You can also perform the following operation:

  • Update a license when stored in a storage account

Download and extract Pentaho for Azure

Download and open package files that contain the files needed to install Pentaho.

Procedure

  1. Navigate to the Support Portal and download the Azure version of the Docker image with the corresponding license file for the applications you want to install on your workstation.

  2. Extract the image to view the directories and the readme file.

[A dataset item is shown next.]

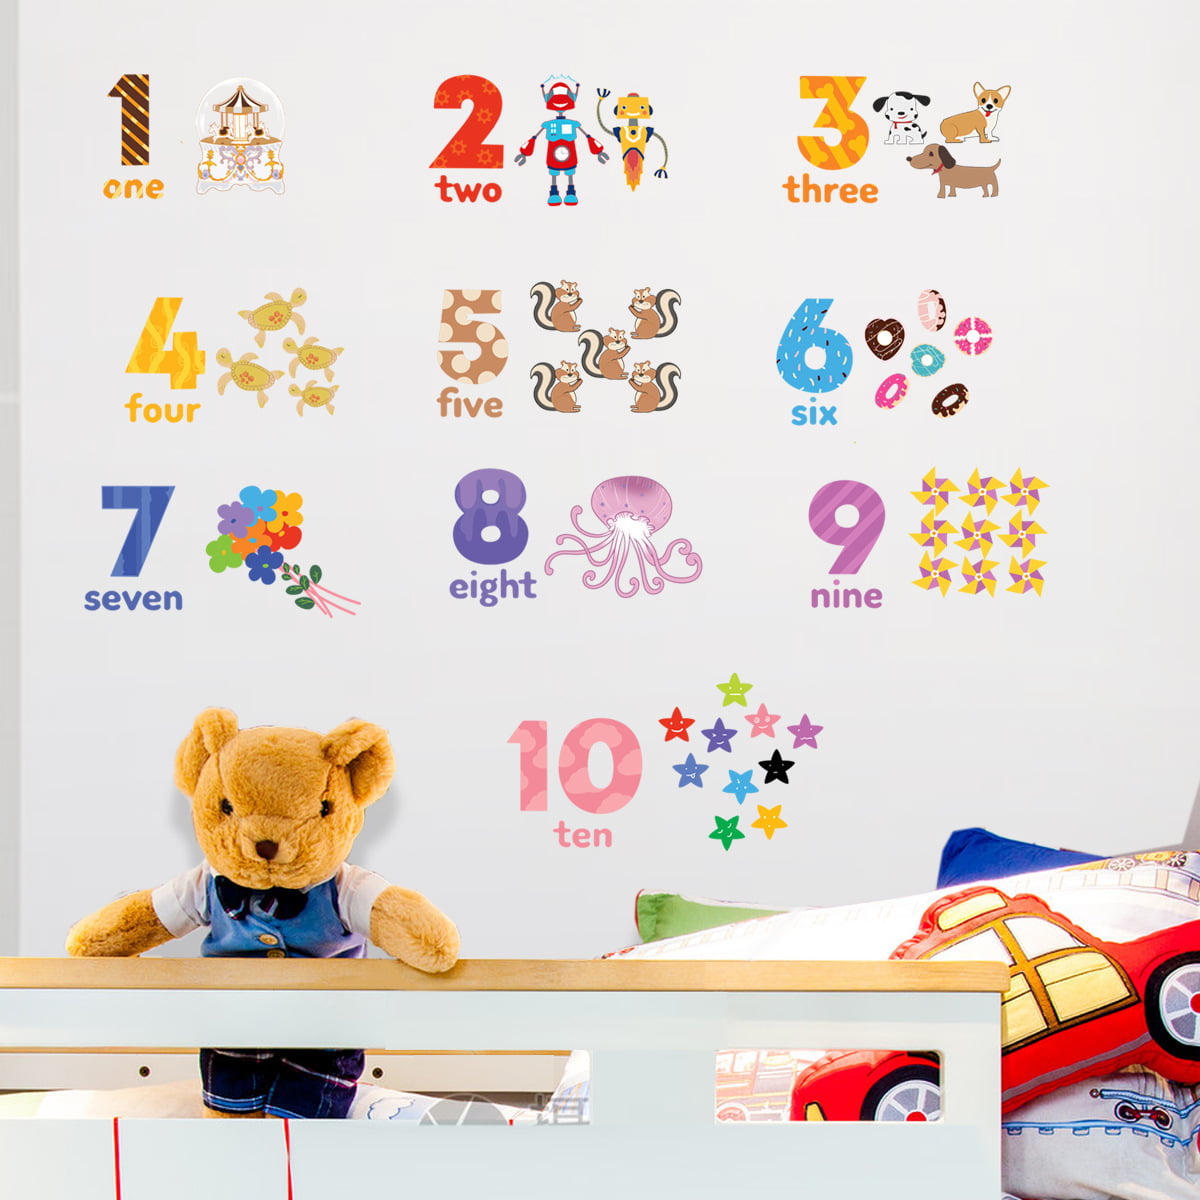 Alphabet and Numbers Wall Stickers ABC Wall Decals Pvc-free, No Odour  Reusable Peel & Stick Decals for Kids Bedroom, Nursery, Playroom 
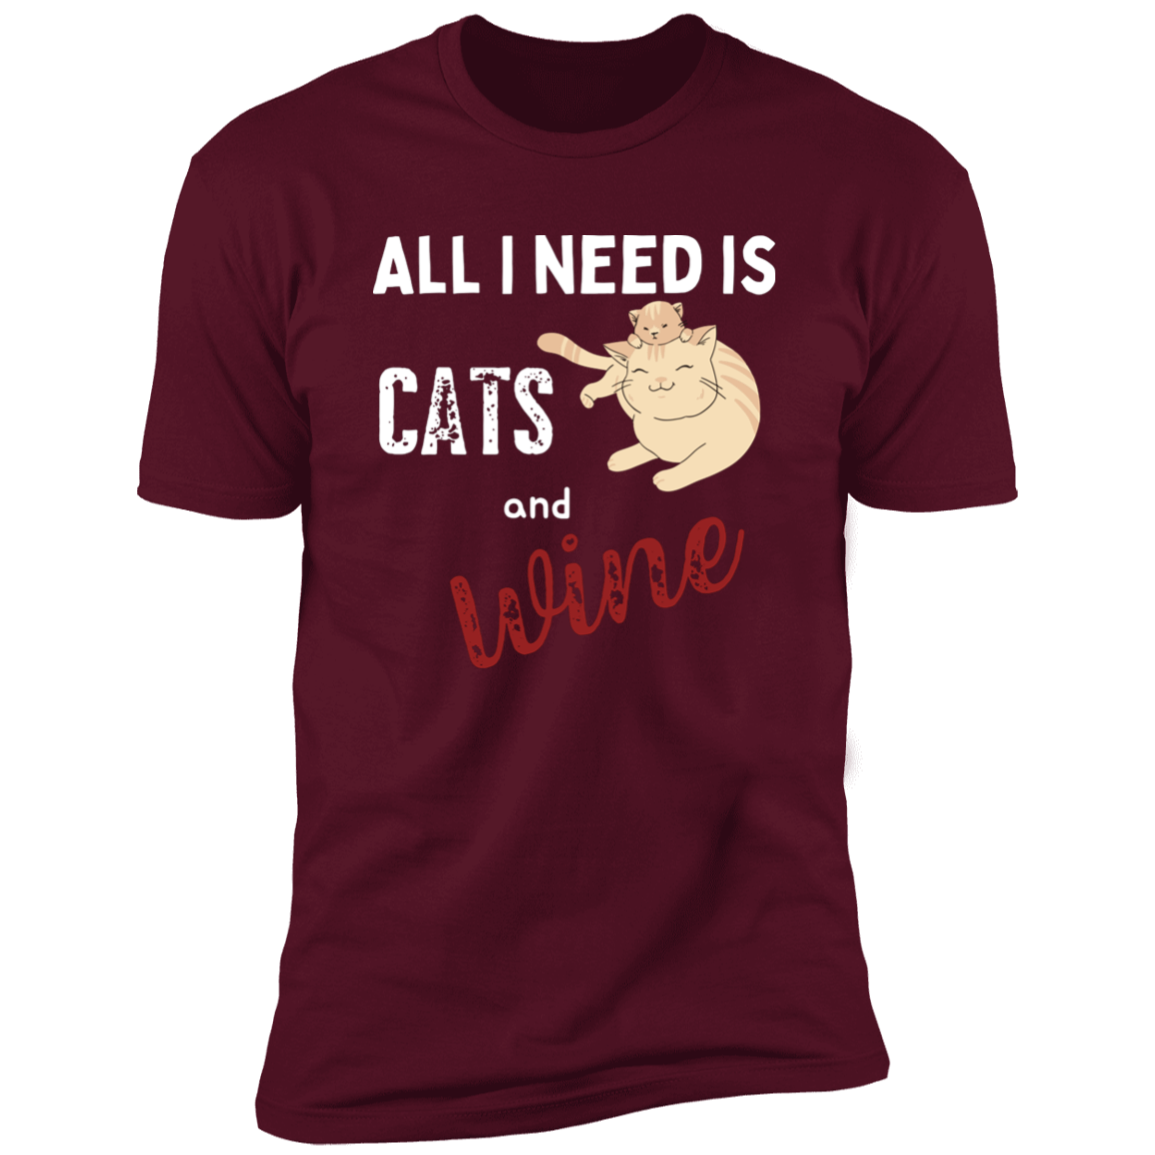 All I Need is Cats and Wine, Cat shirt for humas, in maroon

    The image package file (<package-name>.tar.gz) contains the following:
    NameContent description
    imageDirectory containing all the Pentaho source images.
    templatesDirectory containing templates for various operations.
    yamlDirectory containing YAML configuration files and various utility files.
    README.mdFile containing a link to detailed information about what we are providing for this release.
  3. In the image directory, unpack the tar.gz file that contains the Pentaho Docker image layers.

Create an Azure ACR

Before pushing the Pentaho image to Azure, you need to create an Azure Container Registry (ACR).

Procedure

  1. Create an ACR repository to load Pentaho.

    For information on how to create an Azure ACR, see Create an ACR repository.
  2. Record the name of the ACR repository that you have created in the Worksheet for Azure hyperscaler.

Push the Pentaho Docker image to ACR

Select and tag the Pentaho Docker image and then push it to the ACR registry.

Procedure

  1. Navigate to the image directory containing the Pentaho tar.gz files.

  2. Select and load the tar.gz file into the local registry by running the following command:

    docker load -i <pentaho-image>.tar.gz
  3. Record the name of the source image that was loaded into the registry by using the following command:

    docker images
  4. Tag the source image so it can be pushed to the cloud platform by using the following command:

    docker tag <source-image>:<tag> <target-repository>:<tag>
  5. Push the image file into the ACR registry by using the following Docker command:

    docker push <target-repository>:<tag>
    NoteFor general Azure instructions on how to push an image to Azure, see Pushing a Docker image.
    The Azure Management Console displays the uploaded image URI.
  6. Record the newly created ACR repository URI in the Worksheet for Azure hyperscaler.

Create Azure database and storage account

To install the Platform or PDI Server on Azure, you must create your database and storage account.

Procedure

  1. Create an Azure PostgreSQL database for the Platform or PDI Server to use.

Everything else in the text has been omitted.